Cooper v. Tech Data Corp. (In Re Bridgeport Holdings, Inc.)

326 B.R. 312, 54 Collier Bankr. Cas. 2d 803, 2005 Bankr. LEXIS 1257, 2005 WL 1553962
CourtUnited States Bankruptcy Court, D. Delaware
DecidedJuly 1, 2005
Docket17-12674
StatusPublished
Cited by4 cases

This text of 326 B.R. 312 (Cooper v. Tech Data Corp. (In Re Bridgeport Holdings, Inc.)) is published on Counsel Stack Legal Research, covering United States Bankruptcy Court, D. Delaware primary law. Counsel Stack provides free access to over 12 million legal documents including statutes, case law, regulations, and constitutions.

Bluebook
Cooper v. Tech Data Corp. (In Re Bridgeport Holdings, Inc.), 326 B.R. 312, 54 Collier Bankr. Cas. 2d 803, 2005 Bankr. LEXIS 1257, 2005 WL 1553962 (Del. 2005).

Opinion

*314 MEMORANDUM OPINION

PETER J. WALSH, Bankruptcy Judge.

In this adversary proceeding defendant Tech Data Corporation’s (“Tech Data”) motion (Adv.Doc. # 4) 1 seeks to dismiss the preference action complaint of Keith F. Cooper, as liquidating trustee (the “Liquidating Trustee”) of the Bridgeport Holdings, Inc. Liquidating Trust (the “Liquidating Trust”). For the reasons set forth below, Tech Data’s motion will be denied.

BACKGROUND

On September 10, 2003, Bridgeport Holdings Inc. and its domestic affiliates (the “Debtors” or “Bridgeport”) filed voluntary petitions under chapter 11 of title 11 of the United States Code, 11 U.S.C. §§ 101 et seq. (the “Bankruptcy Code”). 2 Prior to filing for bankruptcy, the Debtors were one of the country’s largest specialty catalog and online retailers for computer hardware, software, and related products. Excluding foreign operations, the Debtors had net sales of approximately $1.15 billion for the fiscal year ending December 31, 2002. (Doc. # 815 at 7.) Immediately prior to and during the course of the Debtors’ chapter 11 cases, substantially all of their assets were sold. Thereafter, the Debtors’ disclosure statement (the “Disclosure Statement”) was approved. Pursuant to the order (Doc. # 937) issued by this Court on September 21, 2004 (the “Confirmation Order”), the Debtors’ plan of distribution (the “Plan”) and liquidating trust agreement (the “Liquidating Trust Agreement”) were confirmed, and the Plan became effective on October 14, 2004. 3 Under the terms of the Confirmation Order and Plan, the Liquidating Trustee is the designated representative of the Debtors’ estates with respect to all causes of action arising under § 547 of the Bankruptcy Code. 4 (Adv.
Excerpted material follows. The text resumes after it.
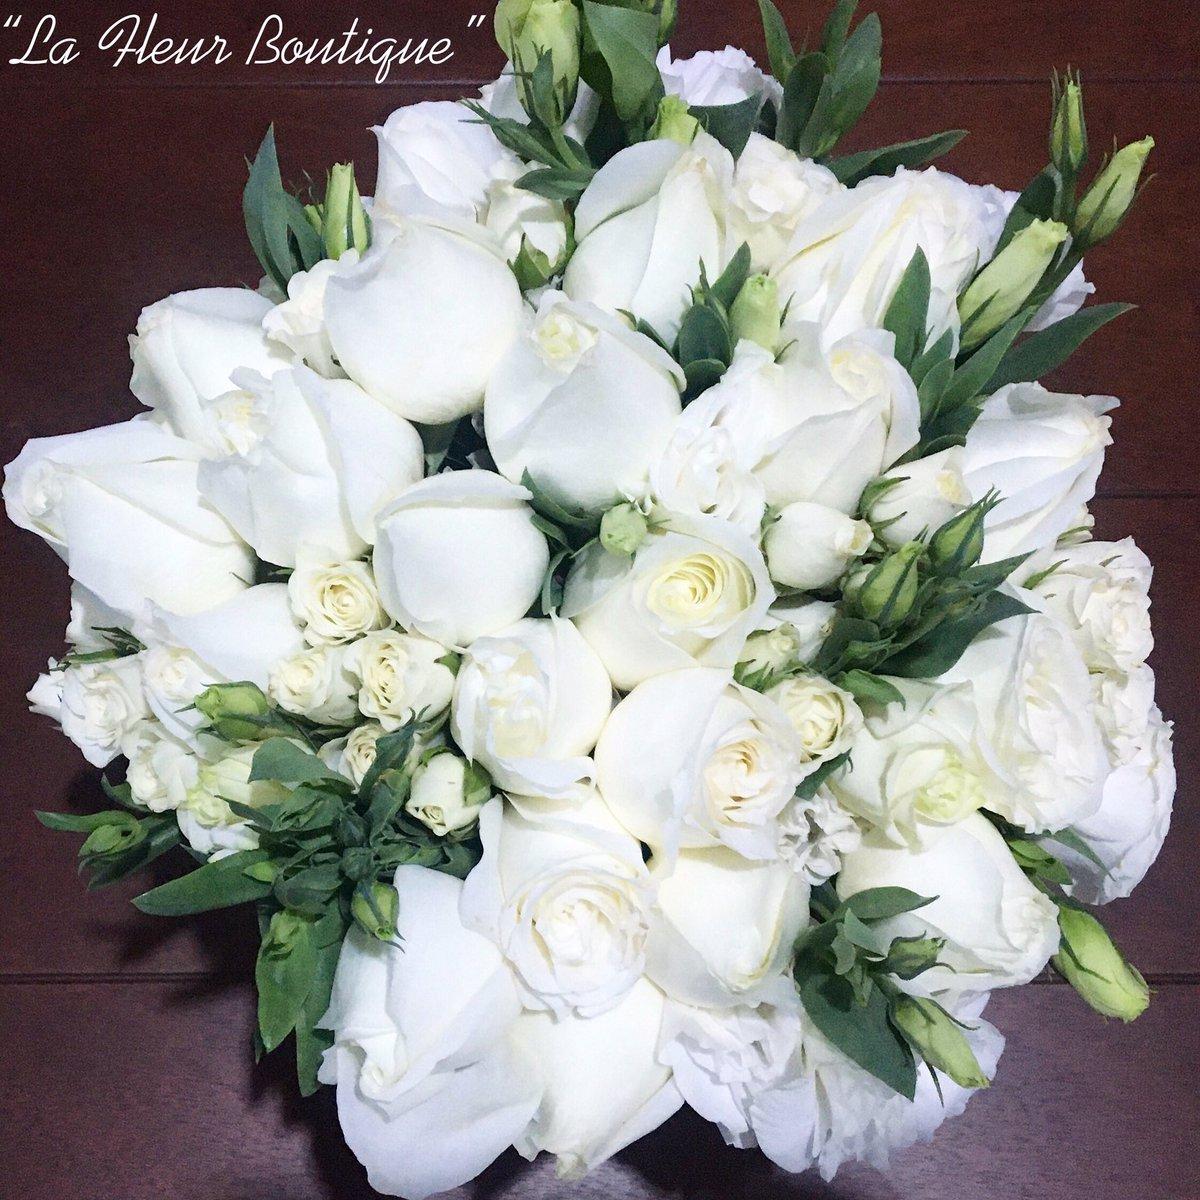 """La cuenta regresiva para tu boda comenzó?  En """"La Fleur Boutique"""" te ayudamos con el diseño floral para ese gran día!  Contáctanos al 5539005051  #WeddingFlowers #Flowers #WeddingTime #BrideBouquet #WeddingDecor #BrideToBe #LaFleurBoutiquepic.twitter.com/L7WR4hFj2i"""

Doc. # 1 at 3.)

This liquidating chapter 11 concerns more than 1,000 creditors, roughly $102 million in general unsecured claims, and over 3,000 property transfers aggregating over $221 million made during the 90 day pre-petition period. (Doc. # 1; Doc. # 815 at 6.) Tech Data is only one of the numerous entities that may have received a preferential transfer from the Debtors. Virtually none of the details relating to the 3,000 potential preference actions were listed in the Debtors’ Confirmation Documents. As is often the case in large chap *315 ter 11 liquidations, the Plan was confirmed well before any preference actions were filed.

On January 13, 2005, the Liquidating Trustee filed its § 547 complaint alleging that Tech Data had received over $19 million in preferential transfers. In its motion to dismiss, Tech Data argues that the Liquidating Trustee is precluded from bringing this preference action because it was not sufficiently preserved in the Debtors’ Disclosure Statement and Plan. (Adv. Doc. # 5 at 5.) Tech Data argues that this action is bared by the doctrine of res judi-cata and, therefore, this Court lacks jurisdiction to hear the preference claim. In response, the Liquidating Trustee points to numerous provisions in the Confirmation Documents regarding the preservation of preference actions for post-confirmation adjudication. A number of these provisions are detailed below.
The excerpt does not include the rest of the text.